His recommendation: “We need to move from standard setting to enforcement and implementation via application to non-state actors (e.g. corporations, al Qaeda) as well as states, and on the basis of a newly integrated vision of a world in which all human rights are respected and protected; but this is difficult without leadership of the sort that resulted in the Declaration, and political will to overcome narrow interests and recognize the immense practical importance of human rights.”

Dr. Safi thinks “more work can and should be done” in “working with religious reformers who want to find a religious voice for engaging universal human rights discourse, establishing international organizations for the monitoring and when necessary persecution of crimes against humanity, and considering issues such as poverty as central to help translate human rights discourse into a meaningful reality for the lives of the one billion human beings who live on a dollar a day, and for whom human rights discourse sounds like an elitist concern without a meaningful impact on their lives.”

But, according to Dr. Behrman: “The U.N. cannot possibly do enough, for it is composed of countries that do not ‘buy into’ the Declaration even if they have signed it. The basic obstacle to doing more is the attitude of individuals, ethnic groups, communities, and nations that supports separation instead of a willingness to embrace humanity. The Declaration itself cannot work at all; it depends on each country's implementation. And I have not read in the media that any country has shown the way in protecting human rights, particularly of minorities and immigrants.”

Professor Abdullahi An-Na'im of the Emory School of Law in Atlanta, voices a similar view. He told IPS, "Upholding and protecting human rights is the responsibility of every government, state, and their citizens, and not of the UN as an abstract entity. The UN is what its member states make of it, or fail to make of it. Every decision to act or fail to act, allocation of resources, and follow through, etc. is taken by government delegates."

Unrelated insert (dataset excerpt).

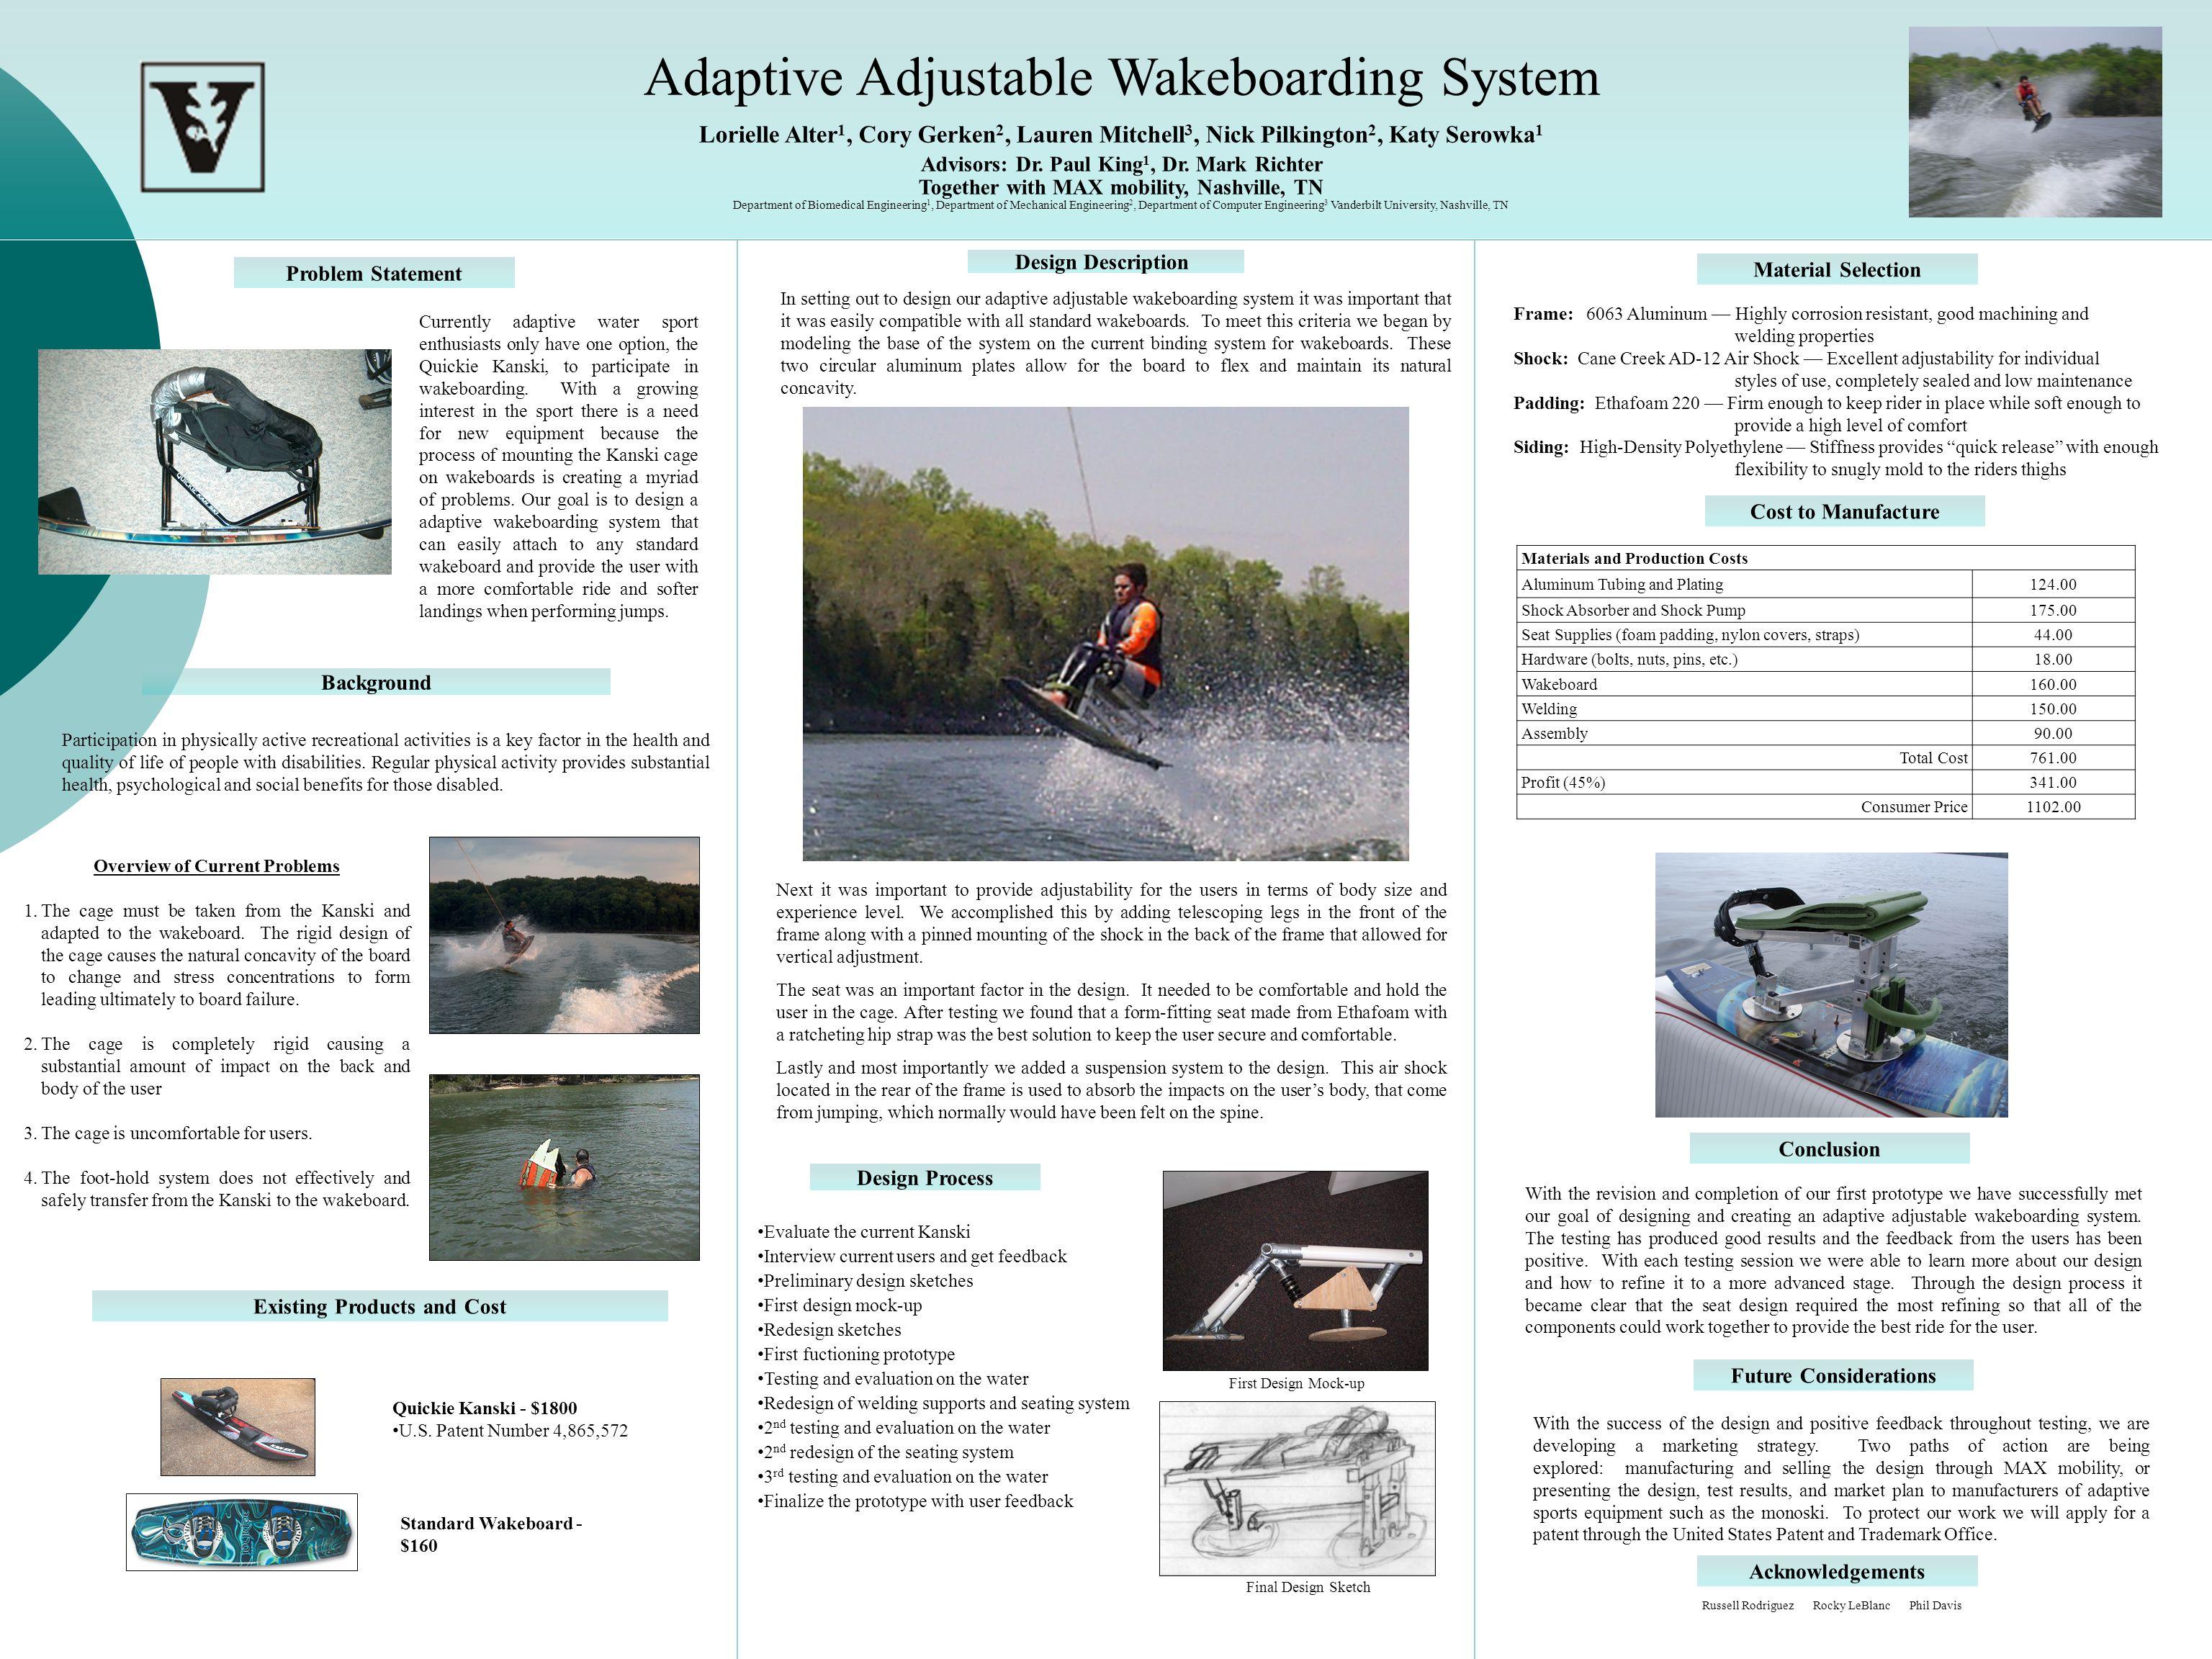 Adaptive Adjustable Wakeboarding System Lorielle Alter 1, Cory Gerken 2, Lauren Mitchell 3, Nick Pilkington 2, Katy Serowka 1 Advisors: Dr.
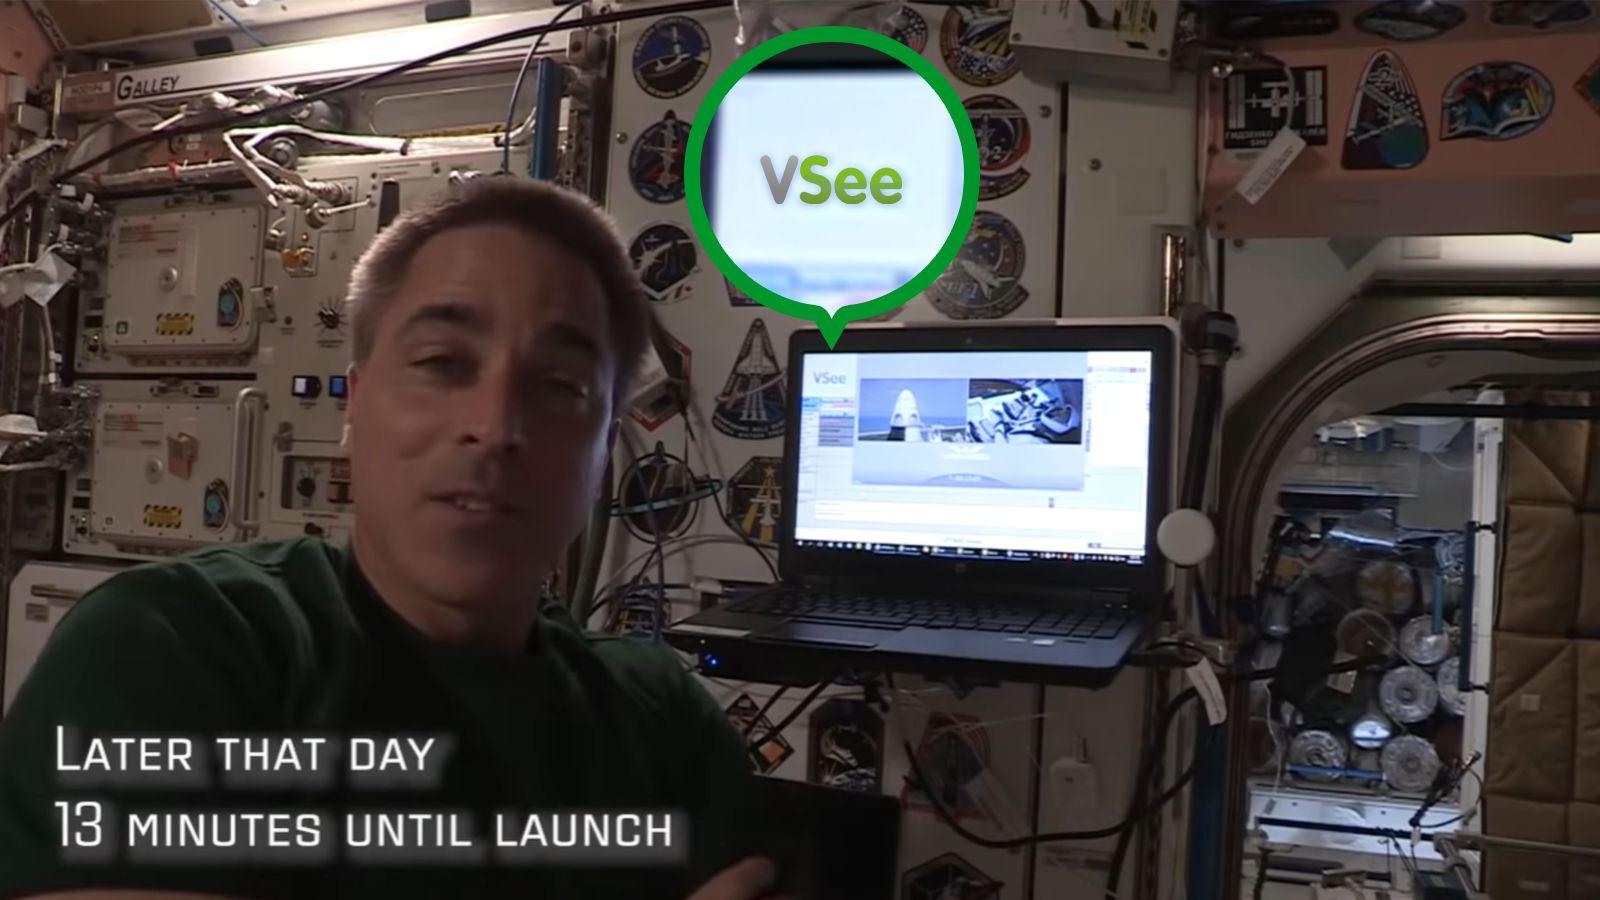 VSee for NASA SpaceX docking

He continued: "Human rights are always violated or protected on the ground, in real time and space, which is always within the jurisdiction of a state, not the UN as such. A violation can only happen when some human being does or fails to do something to another human being. That can only be done by the citizens of one state or another, and also within the territory of a state. The protection of human rights will not improve until we all accept our responsibility for this, and stop blaming the UN for our failures."